ABSTRACT

Imagine for a moment that you are Napoleon; that is, imagine being Napoleon. You are looking out on the desolation of Austerlitz, tucking your right hand into your tunic, wondering whether or not to declare your brother King of Spain. (If Napoleon is too distant or unfamiliar a figure, pick another.) The main issue philosophers have discussed under the rubric “imagination and the self” concerns this sort of imaginative exercise: imagining oneself to be another. Imaginings of this sort were taken up by Bernard Williams in his paper “Imagination and the

Self” (Williams 1973). Williams took such imaginings – or our manner of describing them – to raise something of a puzzle. It seems unproblematic for me to imagine that I am Napoleon; asked to do this, I know roughly how to comply. (Contrast this with the instruction to imagine that someone else – Abraham Lincoln, say – is Napoleon; here it is much less clear how to proceed.) But if imagining is a guide to possibility, my imagining may lead me to a further, more metaphysical thought: the thought that I could have been Napoleon. And it is this that Williams finds puzzling: “I do not understand, and could not possibly understand, what it would be for me to have been Napoleon” (Williams 1973, 45). How could I (or Williams or anyone other than Napoleon) have been Napoleon? Surely only Napoleon could have been Napoleon.
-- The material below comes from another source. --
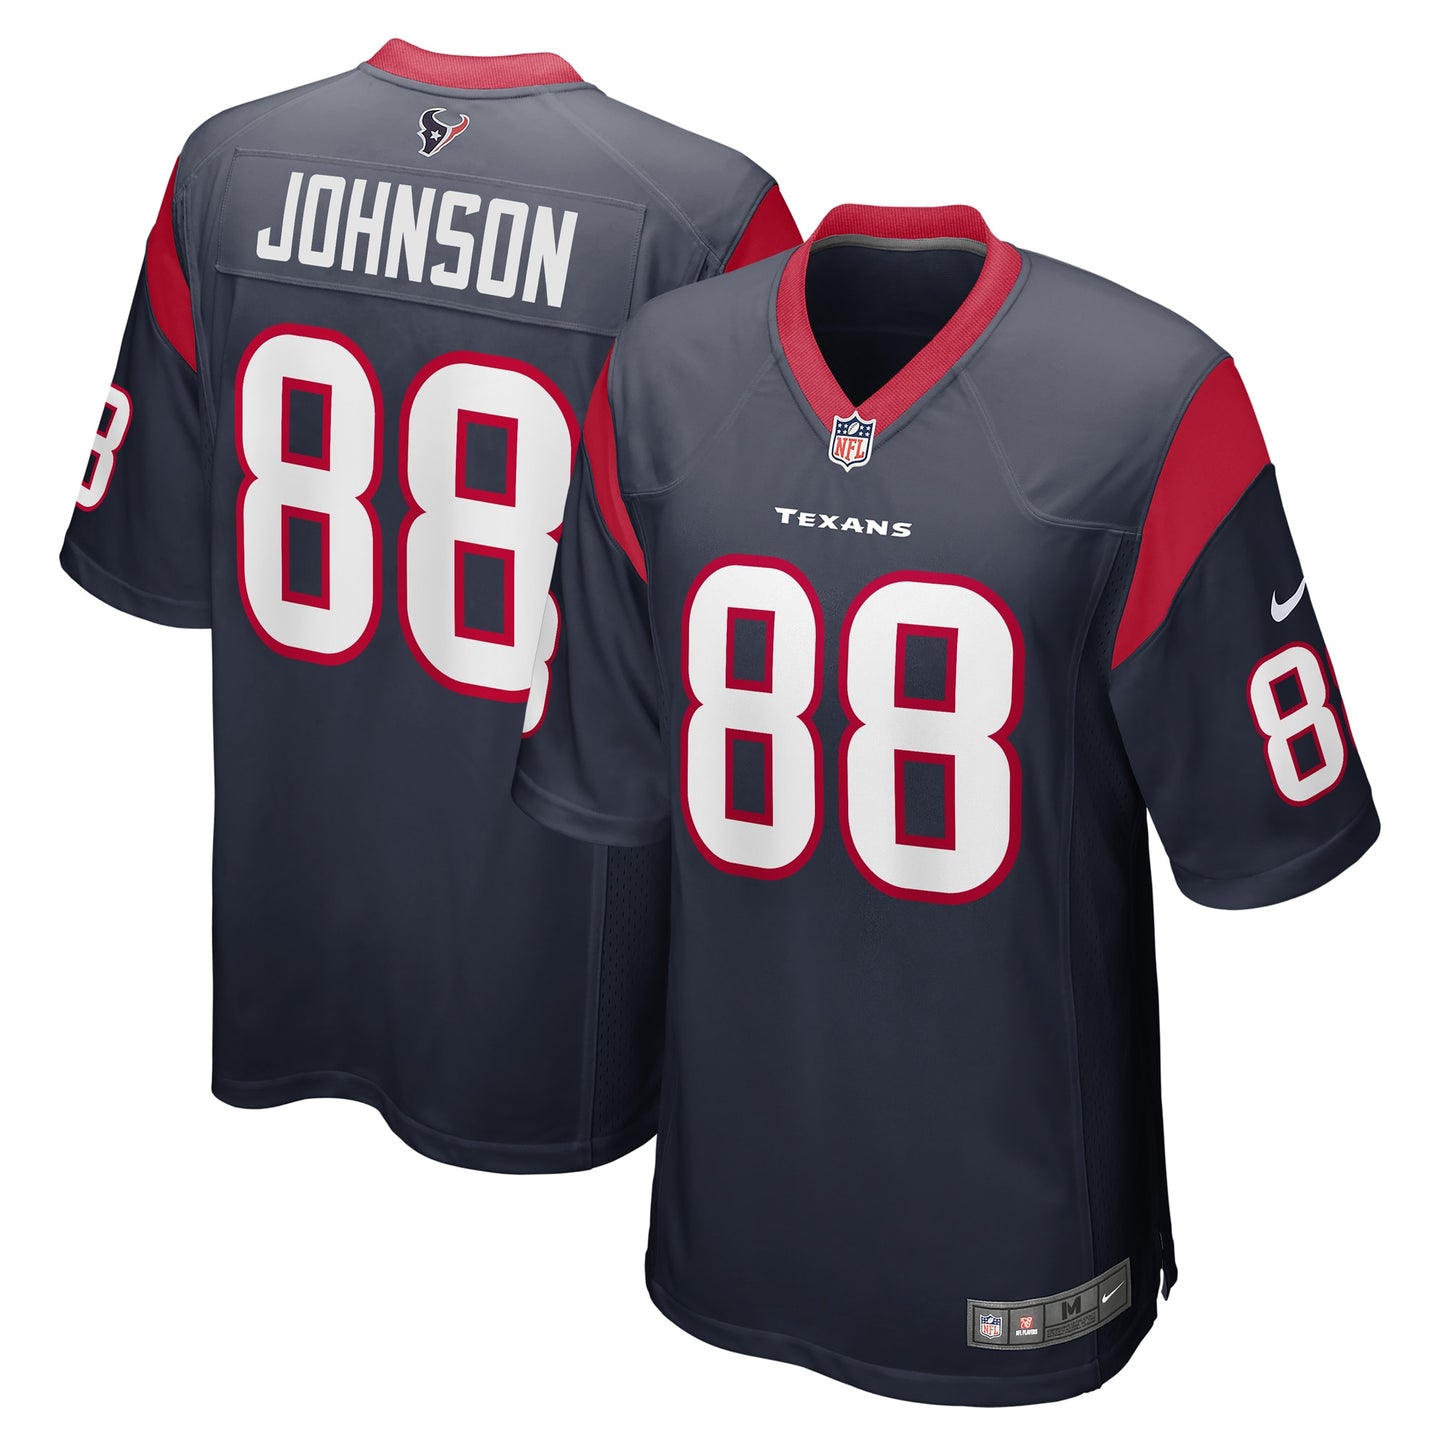 Johnny Johnson Houston Texans Nike Team Game Jersey - Navy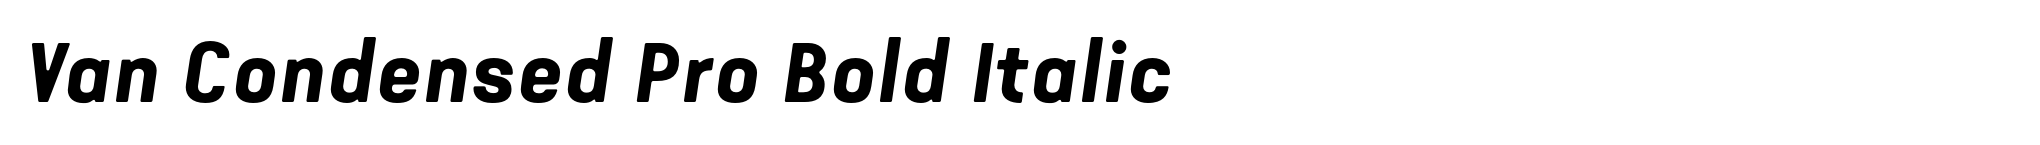 Van Condensed Pro Bold Italic image

In Section 2, I examine Williams’s puzzle in more detail. Section 3 then considers the

dominant response to the puzzle found in the literature, which is to deny that an imagining that I would report by saying, “I am Napoleon” – a Napoleonic imagining, for short – is an imagining whose content is the proposition that I am Napoleon. Section 4 takes up a variation on this response, one couched in terms of the property theory of de se attitudes (see Lewis 1979). In Section 5, I discuss Lakoff cases, another puzzling class of imaginings (and a class not much discussed in the literature emerging out of Williams’s article). Finally, I close in Section 6 with a brief discussion of two further issues, one concerning the relationship between Napoleonic imaginings and mental imagery, another concerning temporal aspects of imagination.